§ Available data
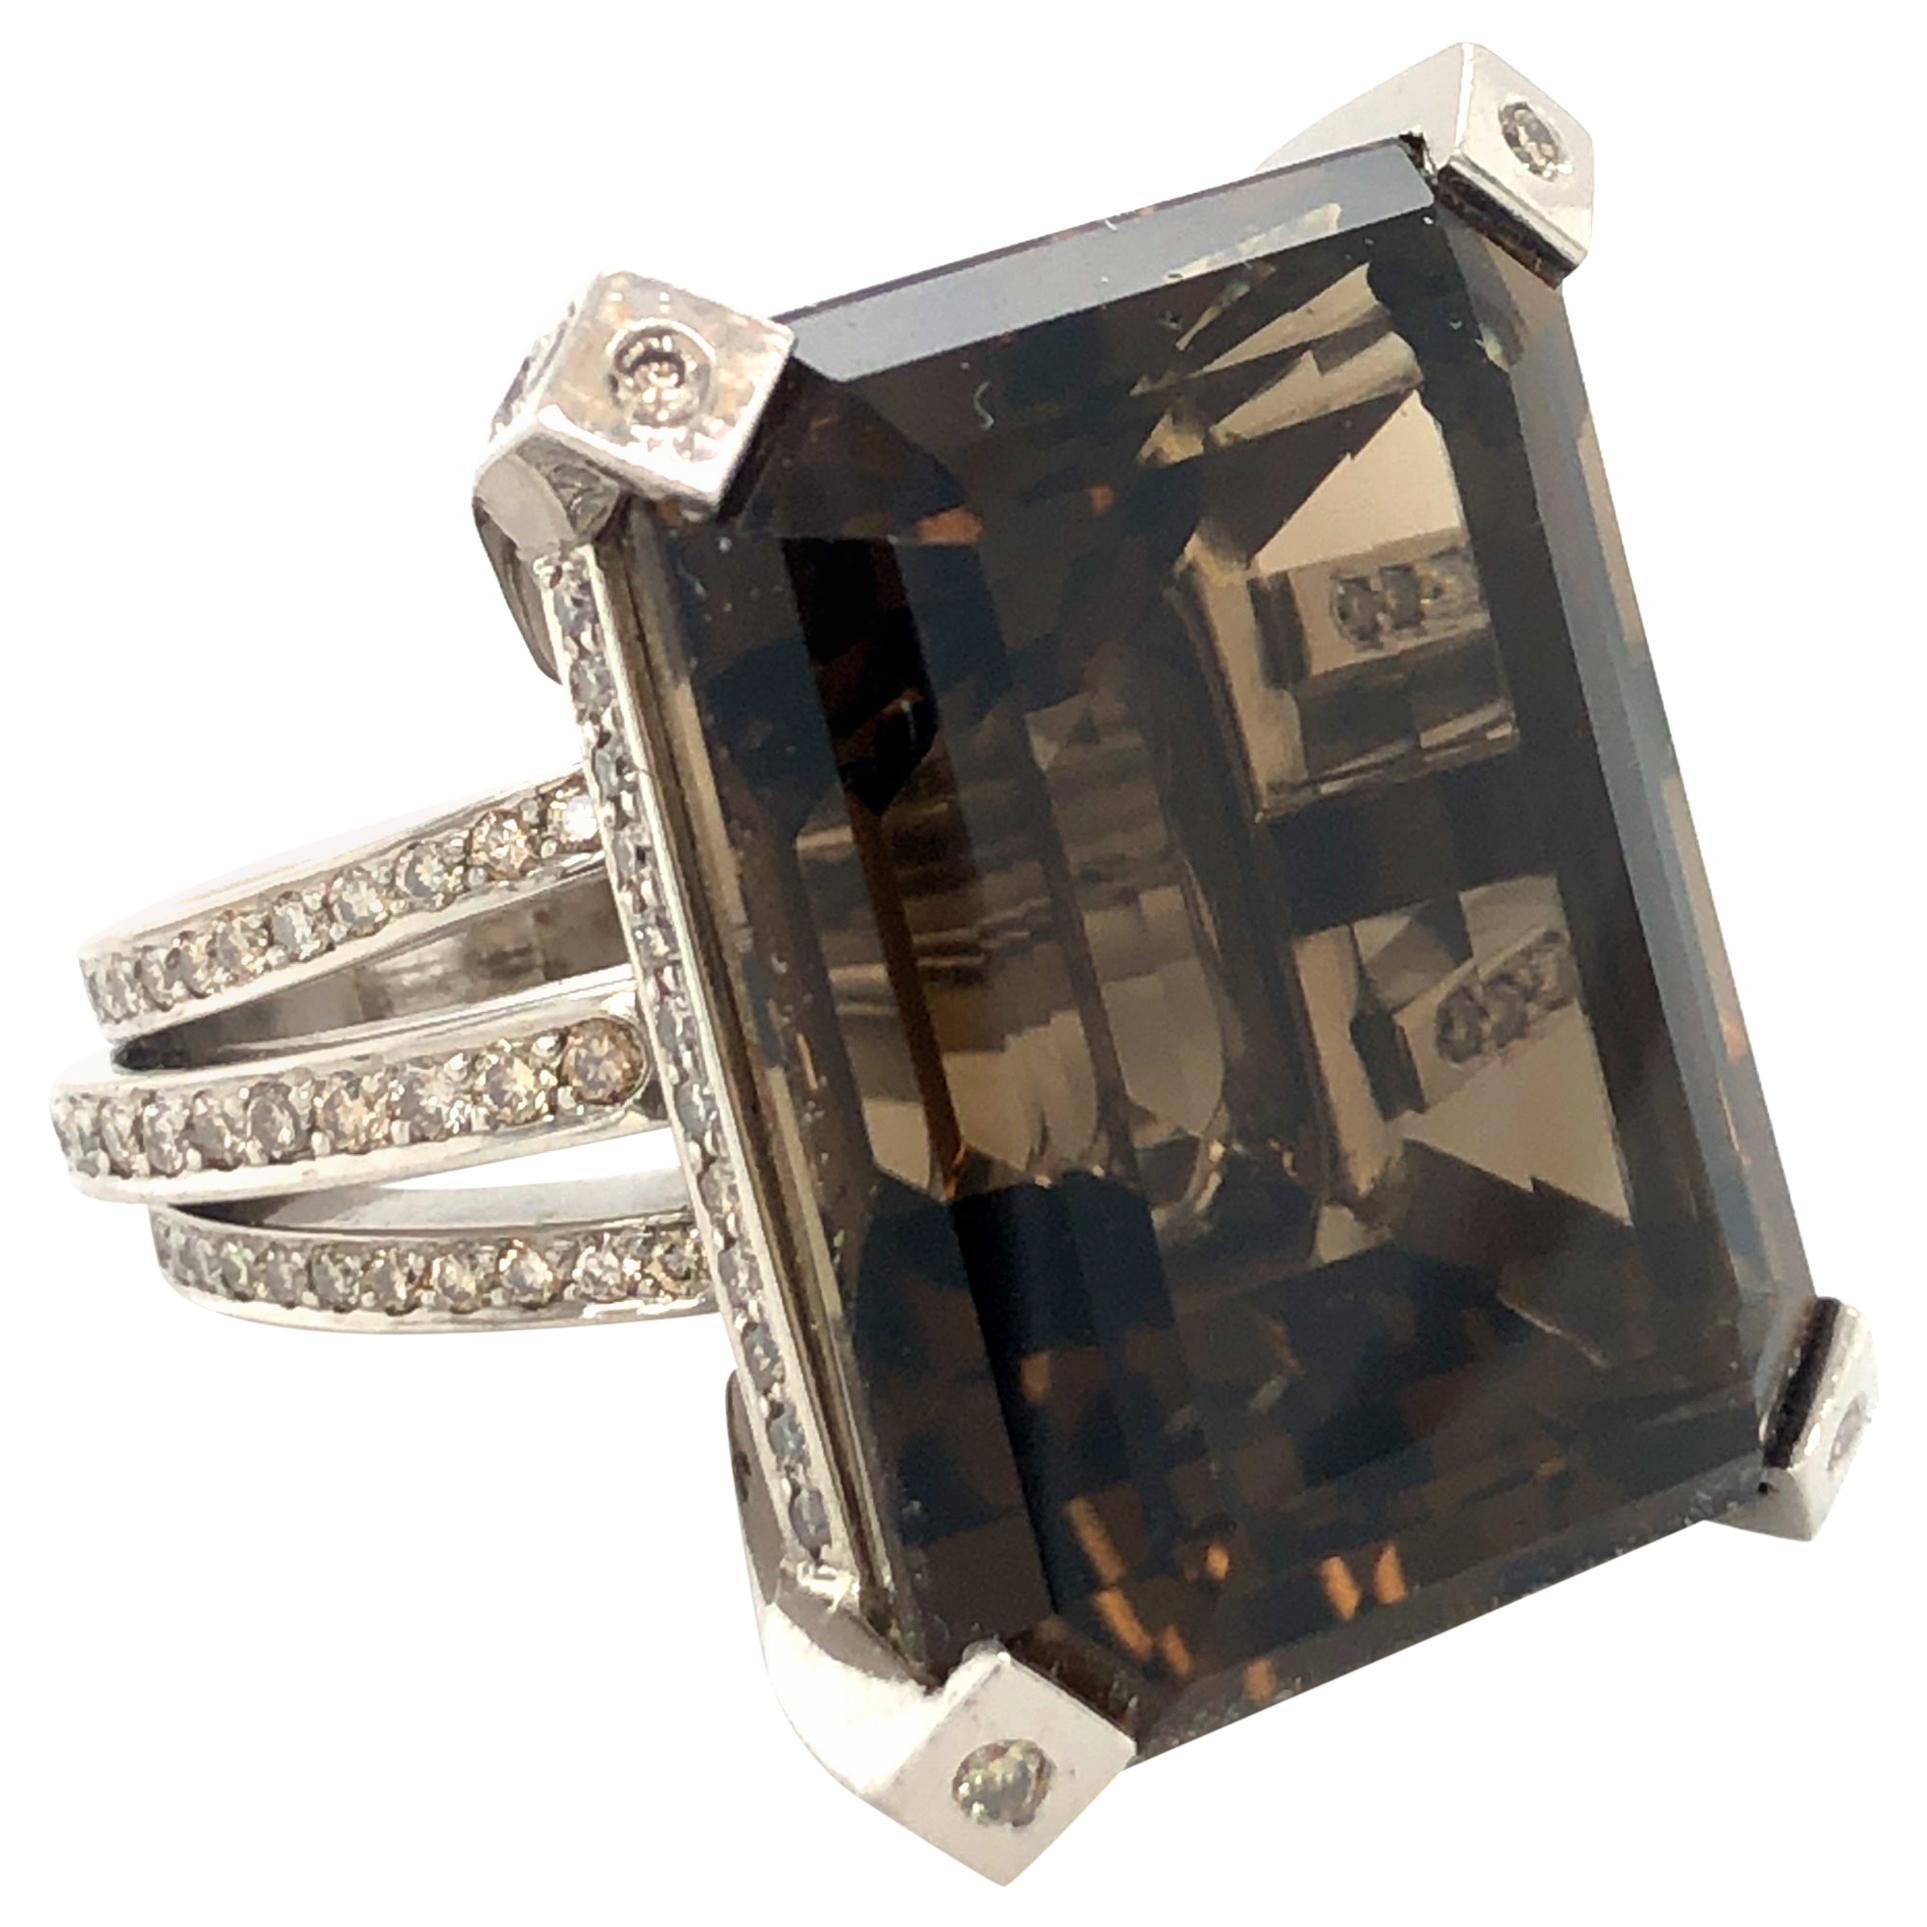 Grand Smoky Quartz and Diamond Cocktail Ring in 18 Karat White Gold
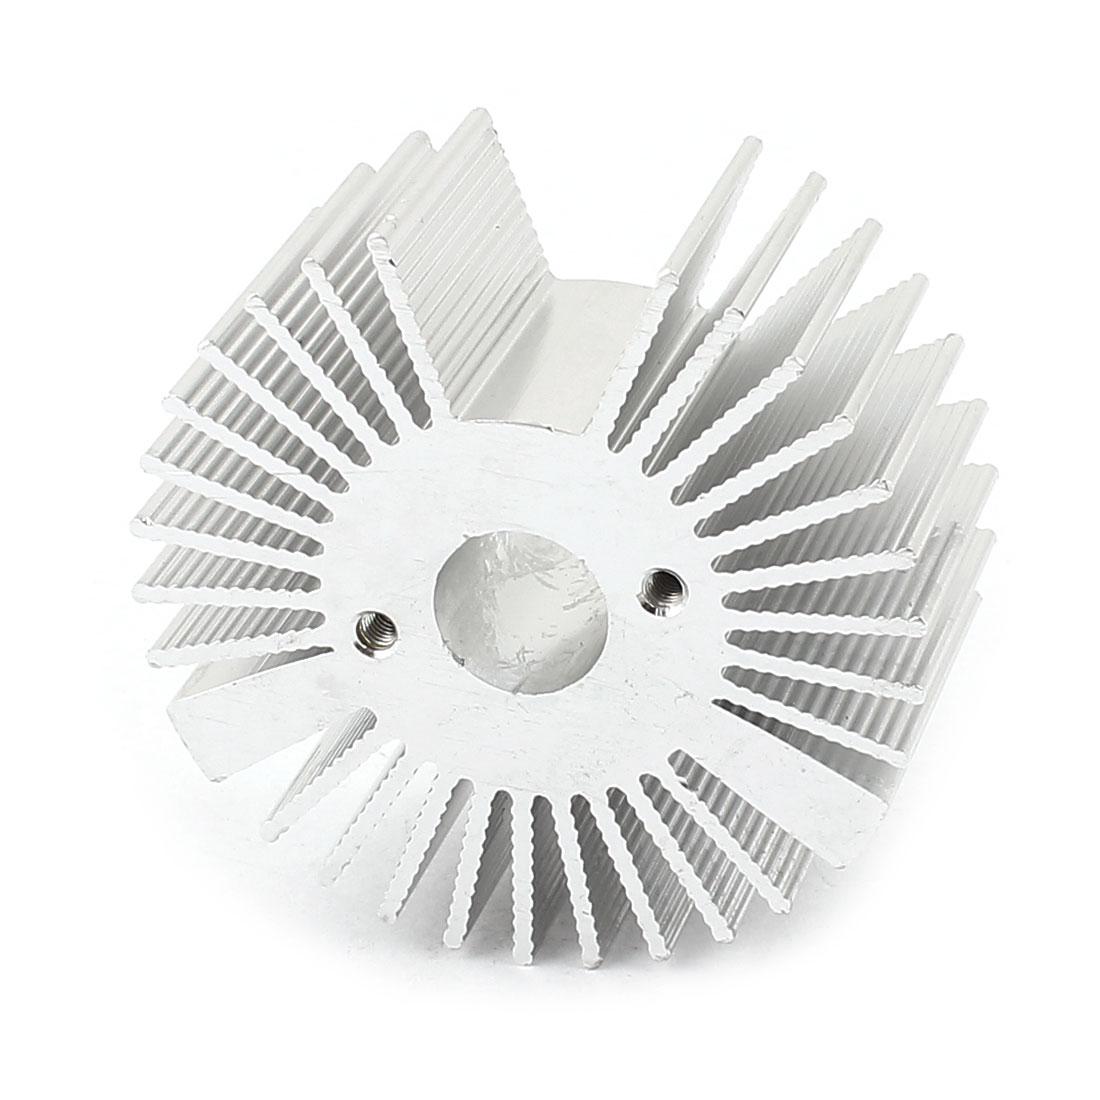 50mm x 22mm Sunflower 3W Power LED Light Heatsink Aluminium Cooling Fin
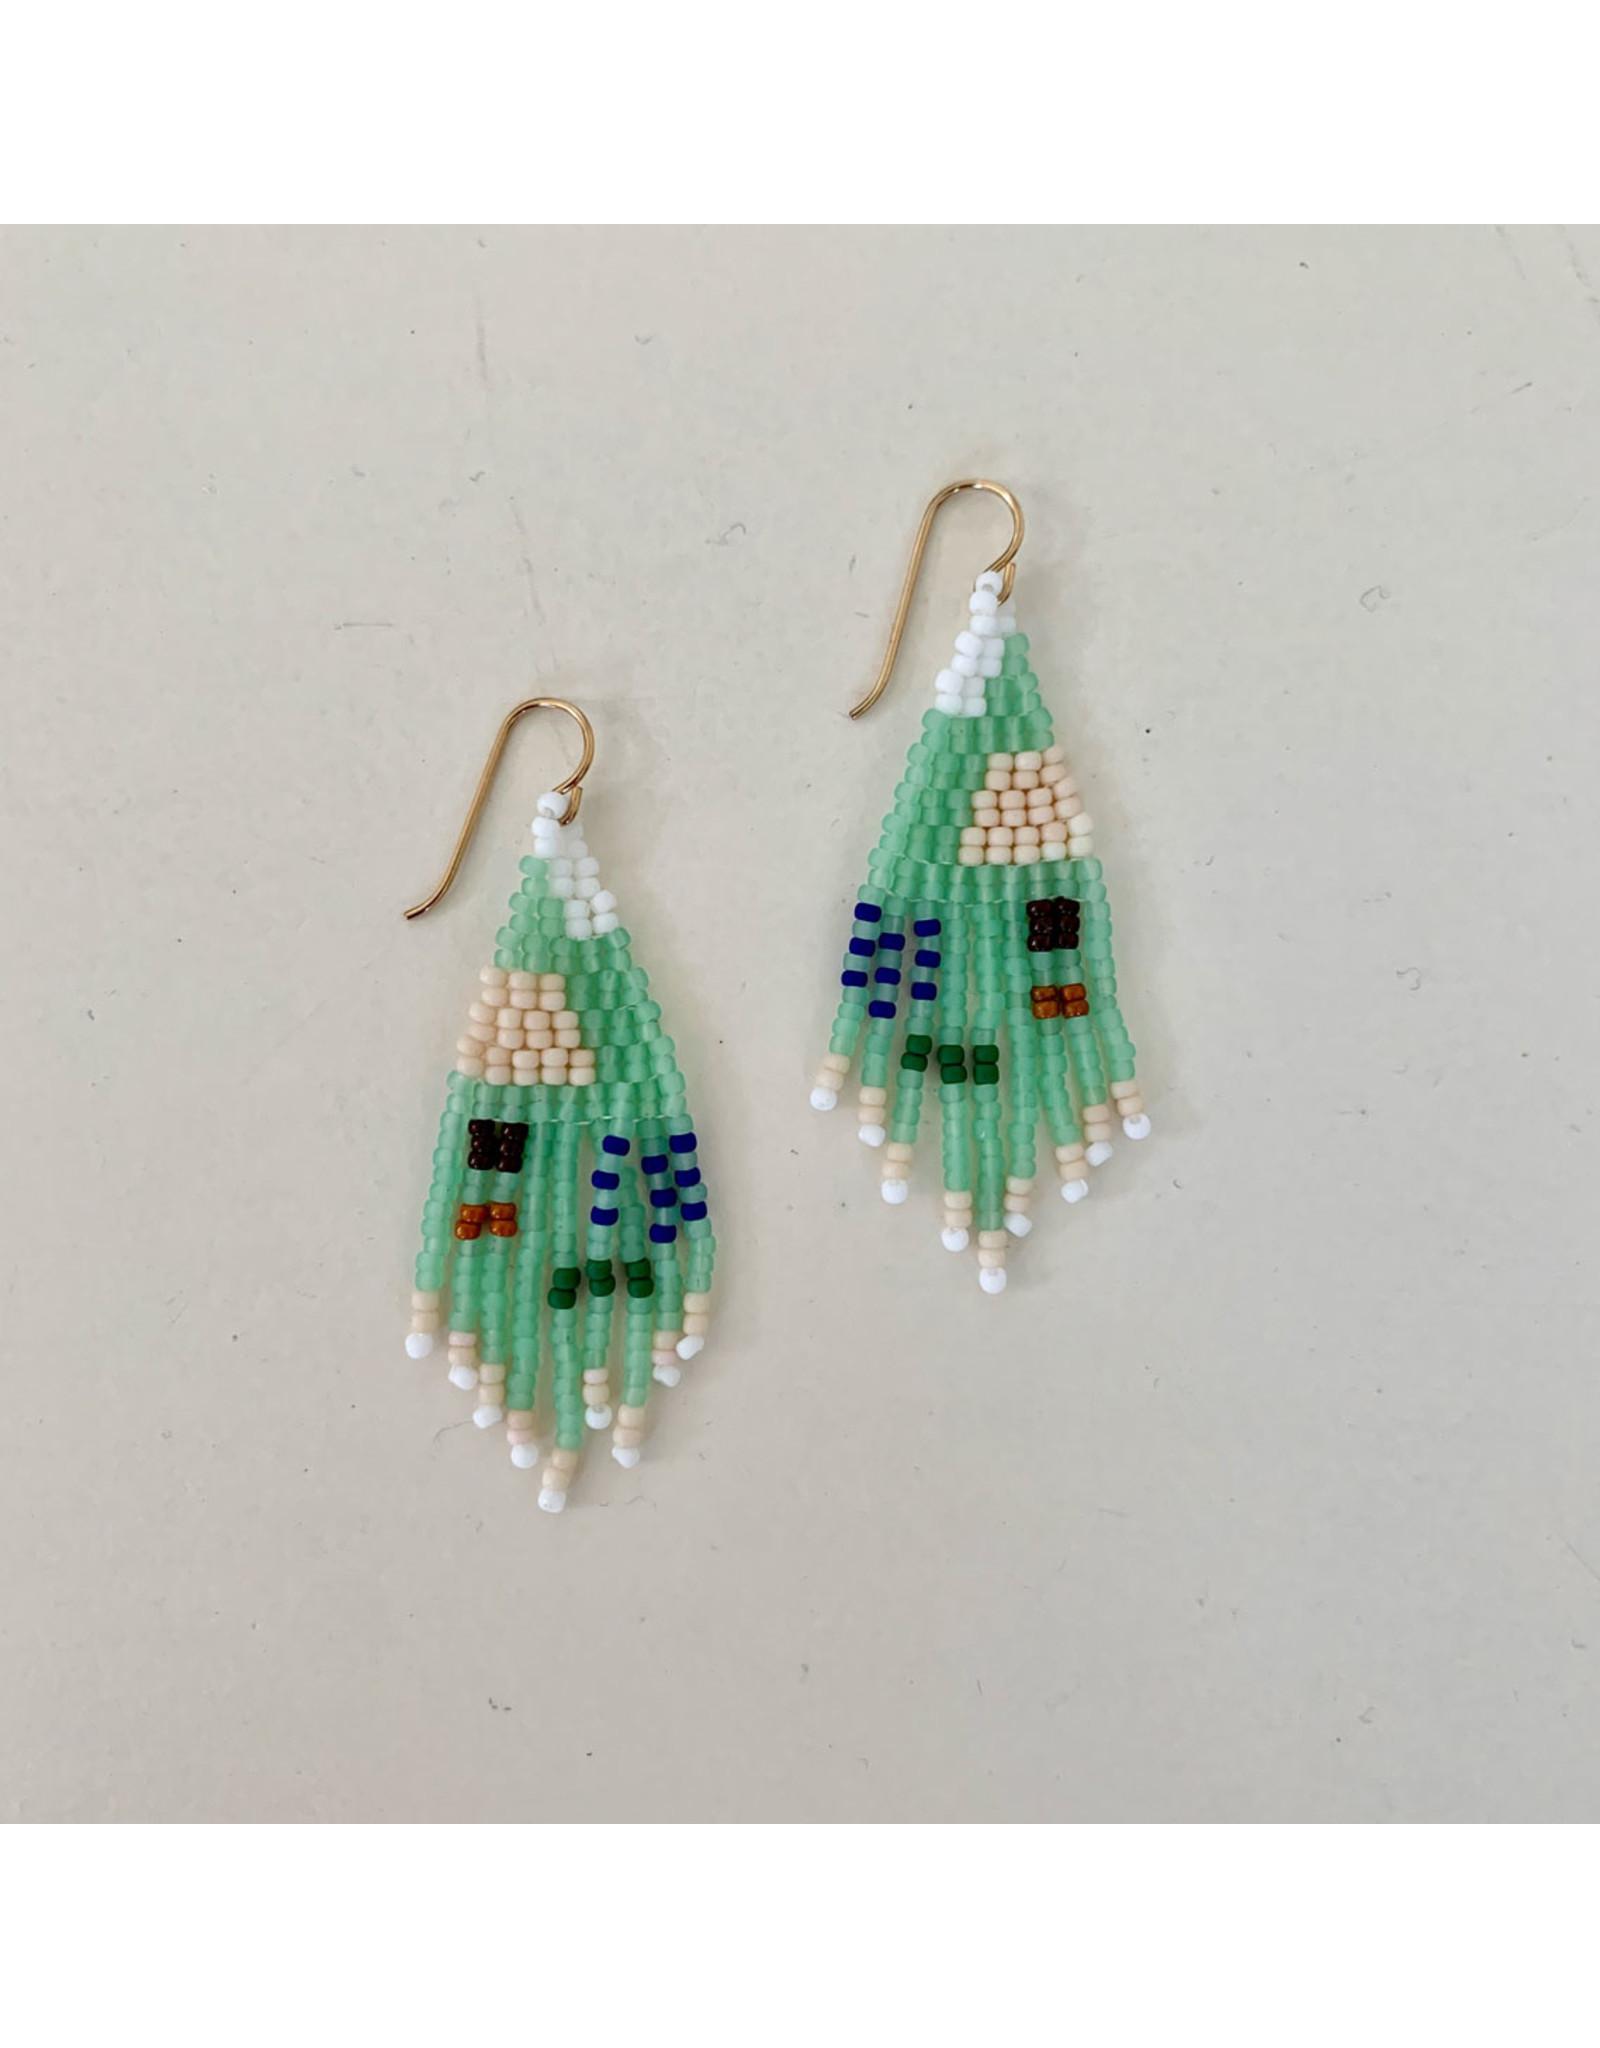 alice rise es4 baby boat to birdland turquoise earrings

§ What you have to do
Repeat the data above exactly, but not the pictures.

§ Completed exercise
 Grand Smoky Quartz and Diamond Cocktail Ring in 18 Karat White Gold
 50mm x 22mm Sunflower 3W Power LED Light Heatsink Aluminium Cooling Fin
 alice rise es4 baby boat to birdland turquoise earrings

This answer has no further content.